Earlier this year, an online resource for Canadian and American genealogists, called Cornwall Roots, shut down without notice. Word has it the owner of the website was no longer willing or able to maintain the website.
Cornwall Roots was a site that contained thousands of obituaries from Ontario, Quebec, and New York, from 1900 to 2008, and photos of almost 60,000 headstones in cemeteries in Eastern Ontario and Western Quebec.
To help prevent other genealogy and family history websites from disappearing when the owners can no longer maintain them or don’t want to continue paying hosting fees, the Ontario Genealogical Society (OGS) has come up with possible solution.
Canada’s largest genealogical society is offering to host genealogy websites at no cost to the owner. The owner can continue to administer the site as long as they want. When the owner no longer wants to continue, or cannot do so, OGS will host the website and display its content to keep it available for researchers for decades to come.
At this time, the society’s primary concern is to preserve sites about Ontario genealogy resources and family history, but they will consider all websites.
Responding to questions in an email message, OGS President Steve Fulton, UE wrote, “Our willingness, of course, is to preserve Ontario sites first, but if there is risk of loss, we would find a home for any site.” He added, “There are many types of websites and each scenario has to be evaluated first for size and demand on the society’s servers and volunteers.”

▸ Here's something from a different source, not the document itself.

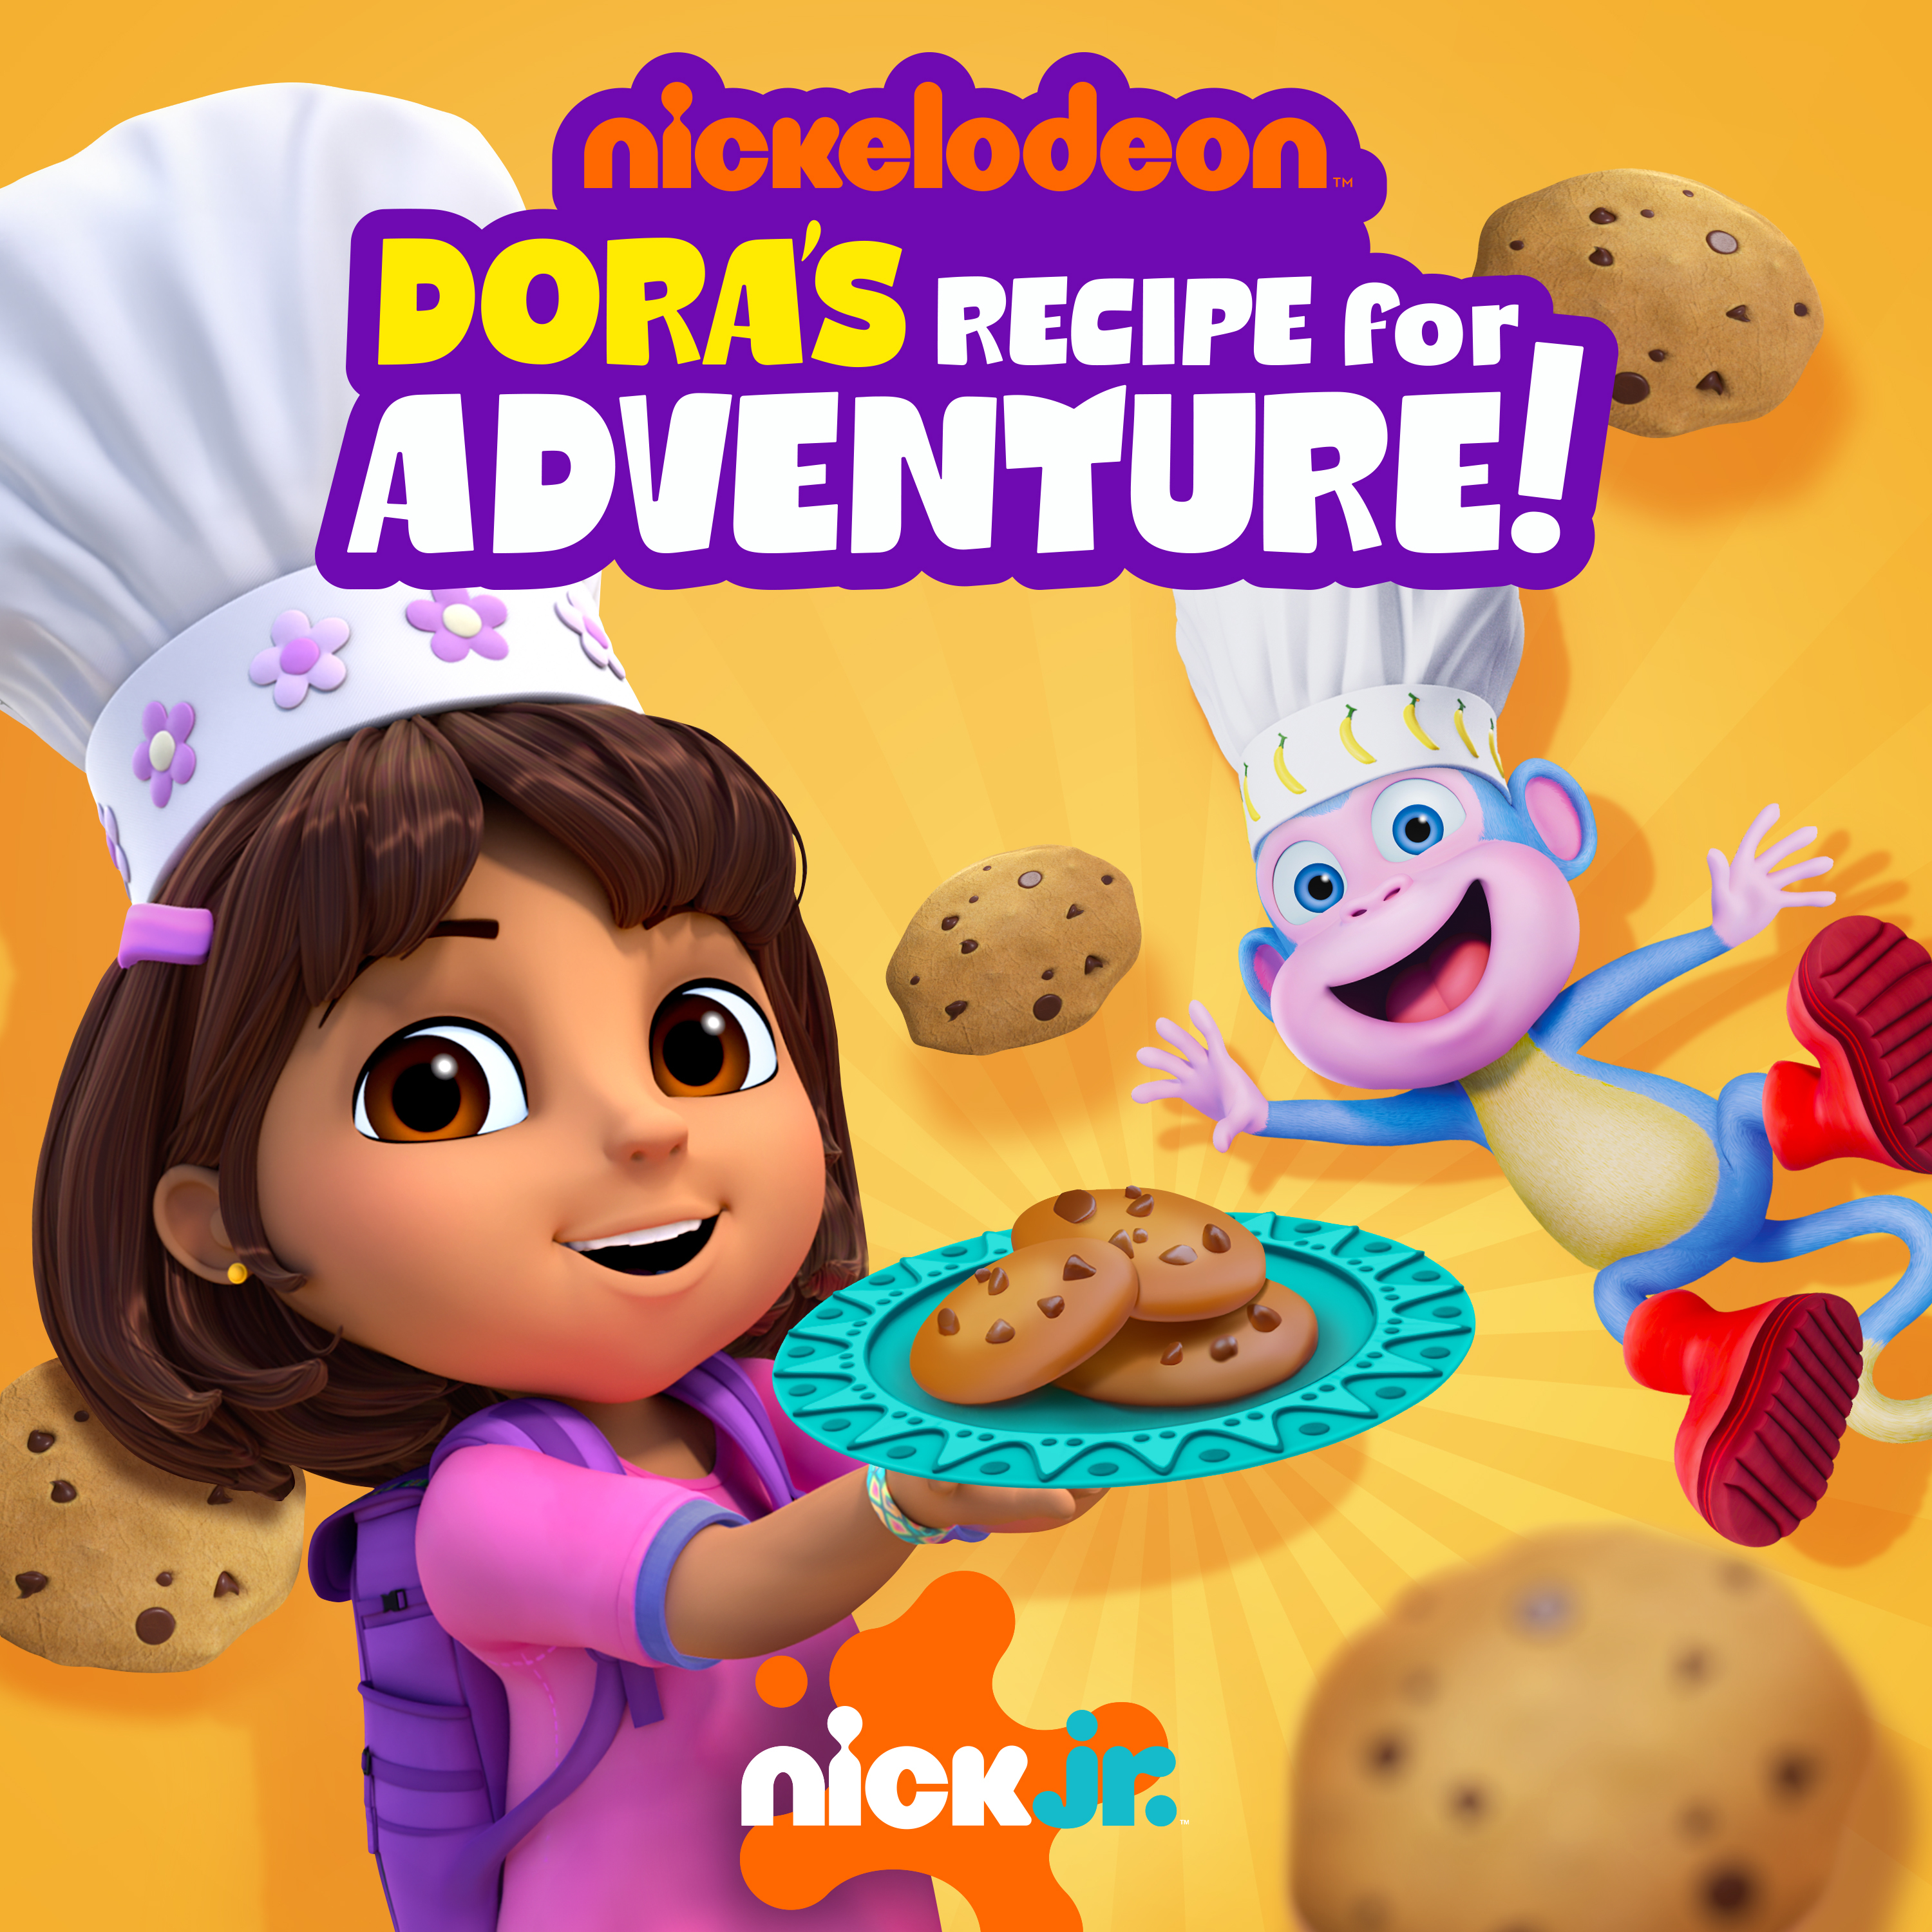 Doras Recipe for Adventure
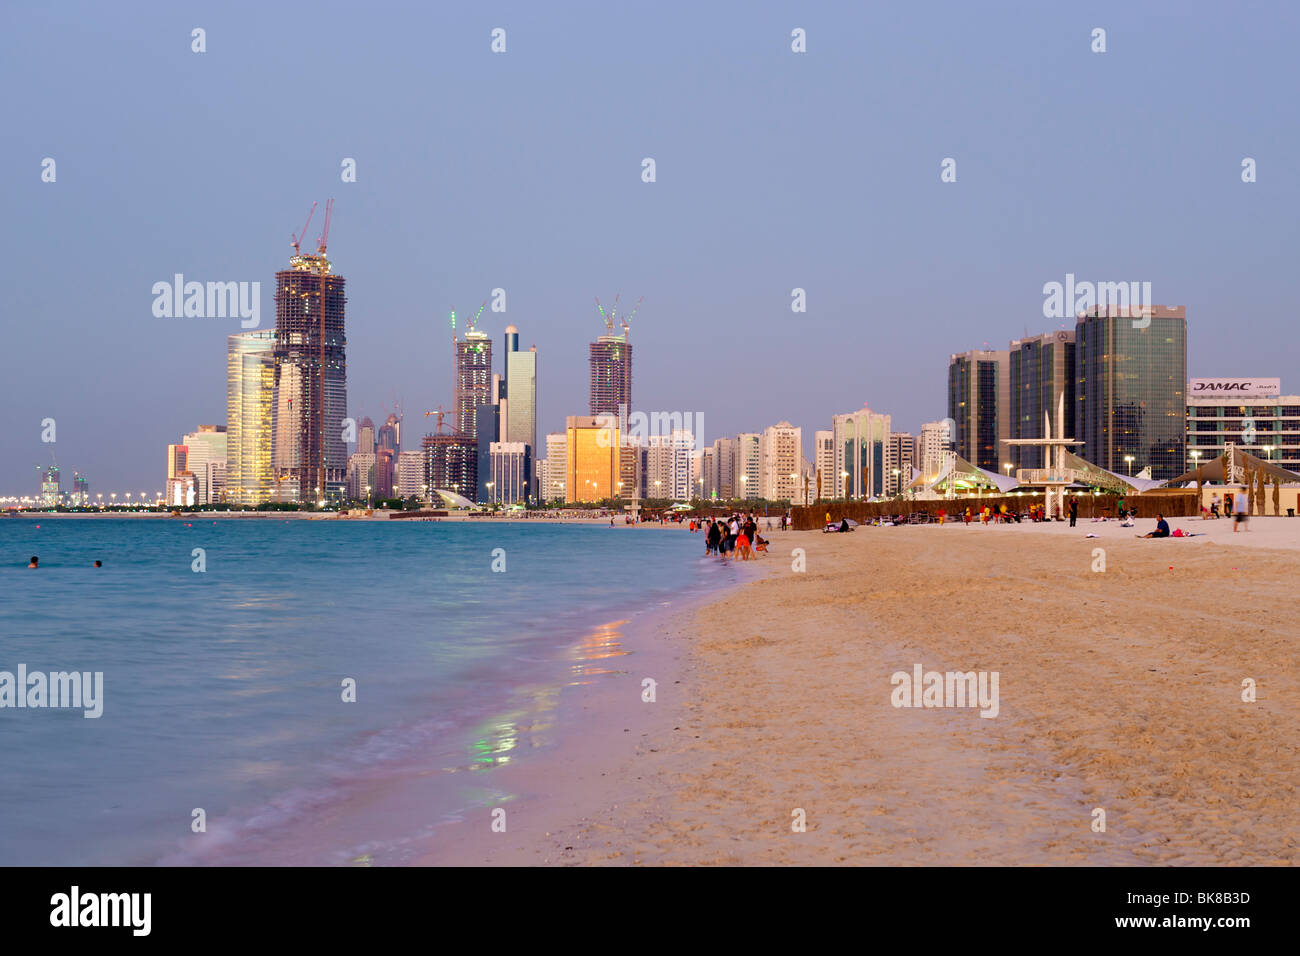 Abenddämmerung Blick auf den Strand und die Gebäude in Abu Dhabi in den Vereinigten Arabischen Emiraten. Stockfoto

As OGS works on the details of this new initiative, some of the scenarios being considered include:
- Complete transfer of the personal website and URL to OGS. This means the site will be moved to the society’s servers and remain there static for people to research.
- Transfer of the website to the OGS servers. The owner continues to administer and revise the site.
- The website owner continues to host the site as they are doing now and develops an arrangement with OGS to transfer the site in the future.
There will be no cost for this service to website owners, but OGS will ask if they can place Google ads on the site to help the society generate income to pay server and hosting costs. The ads will be “tightly controlled so they are relative to the mandate of the society.”
This venture is not new to OGS. They are already supporting and preserving Canada GenWeb Cemetery Project, A Living Past about Port Hope, Ontario, S.S. Nerissa, and Norcross.